We have not yet explained how keys, values and queries are actually assembled. To do this and to get ready to show some code, let us again focus on self attention, i.e. queries, keys and values all come from the same sequence of vectors xi which, for simplicity, we combine into a single matrix X with shape (L, D), where L is the length of the input and D is the dimensionality of the model. Now the queries, keys and values are simply derived from the input X by applying a linear transformation, i.e. by a matrix multiplication, using a learnable set of matrices weights WQ (for the queries), WV (for the values) and WK (for the keys).

Q = X W^Q
K = X W^K
V = X W^V

Note that the individual value, key and query vectors are now the rows of the matrices V, K and Q. We can therefore conveniently calculate all the scaled dot products in one step by simply doing the matrix multiplication

\frac{Q \cdot K^T}{\sqrt{d}}

This gives us a matrix of dimensions (L, L) containing the scores. To calculate the attention vectors, we now still have to apply the softmax to this and multiply by the matrix V. So our final formula for the attention vectors (again obtained as rows of a matrix of shape (L, D)) is

\textrm{attn}(Q, K, V) = \textrm{softmax}\left(  \frac{Q \cdot K^T}{\sqrt{d}} \right) \cdot V

In PyTorch, this is actually rather easy to implement. Here is a piece of code that initializes weight matrices for keys, values and queries randomly and defines a forward function for a self-attention layer.

    
wq = torch.nn.Parameter(torch.randn(D, D))
wk = torch.nn.Parameter(torch.randn(D, D))
wv = torch.nn.Parameter(torch.randn(D, D))
    
#
# Receive input of shape L x D
#
def forward(X):
    Q = torch.matmul(X, wq)
    K = torch.matmul(X, wk)
    V = torch.matmul(X, wv)
    out = torch.matmul(Q, K.t()) / math.sqrt(float(D))
    out = torch.softmax(out, dim = 1)
    out = torch.matmul(out, V)
    return out
    

However, this is not yet quite the form of attention that is typically used in transformers – there is still a bit more to it. In fact, what we have seen so far is what is usually called an attention head – a single combination of keys, values and queries used to produce an attention vector. In real-world transformers, one typically uses several attention heads to allow the model to look for different patterns in the input. Going back to our example, there could be one attention head that learns how to model relations between a pronoun and the noun to which it refers. Other heads might focus on different syntactic or semantic aspects, like linking a verb to an object or a subject, or an adjective to the noun described by it. Let us now look at this multi-head attention.
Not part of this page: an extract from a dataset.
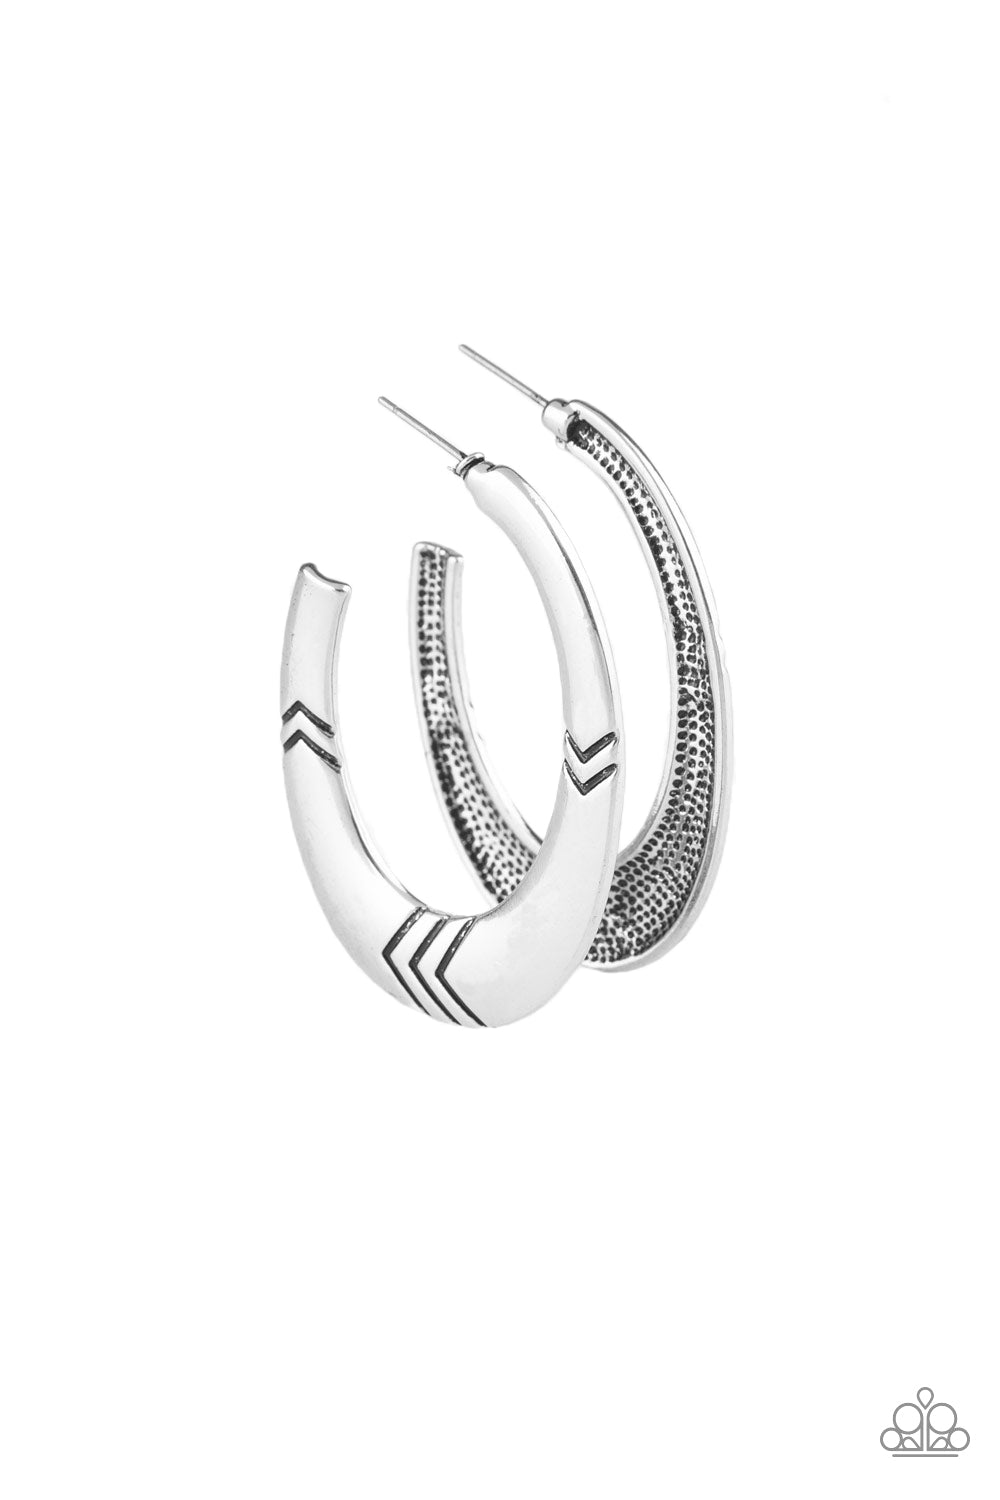 Paparazzi Accessories Tribe Pride - Silver Earrings - Lady T Accessories

The calculation of a multihead attention vector proceeds in three steps. First, we go through each of the heads which each has its own set of weight matrices (WQi, WKi, WVi) as before, and apply the ordinary attention mechanism that we have just seen to obtain a vector headi as attention vector for this head. Note that the dimension of this vector is typically not the model dimension D, but a head dimension dhead, so that the weight matrices now have shape (D, dhead). It is common, though not absolutely necessary, to choose the head dimension as the model dimension divided by the number of heads.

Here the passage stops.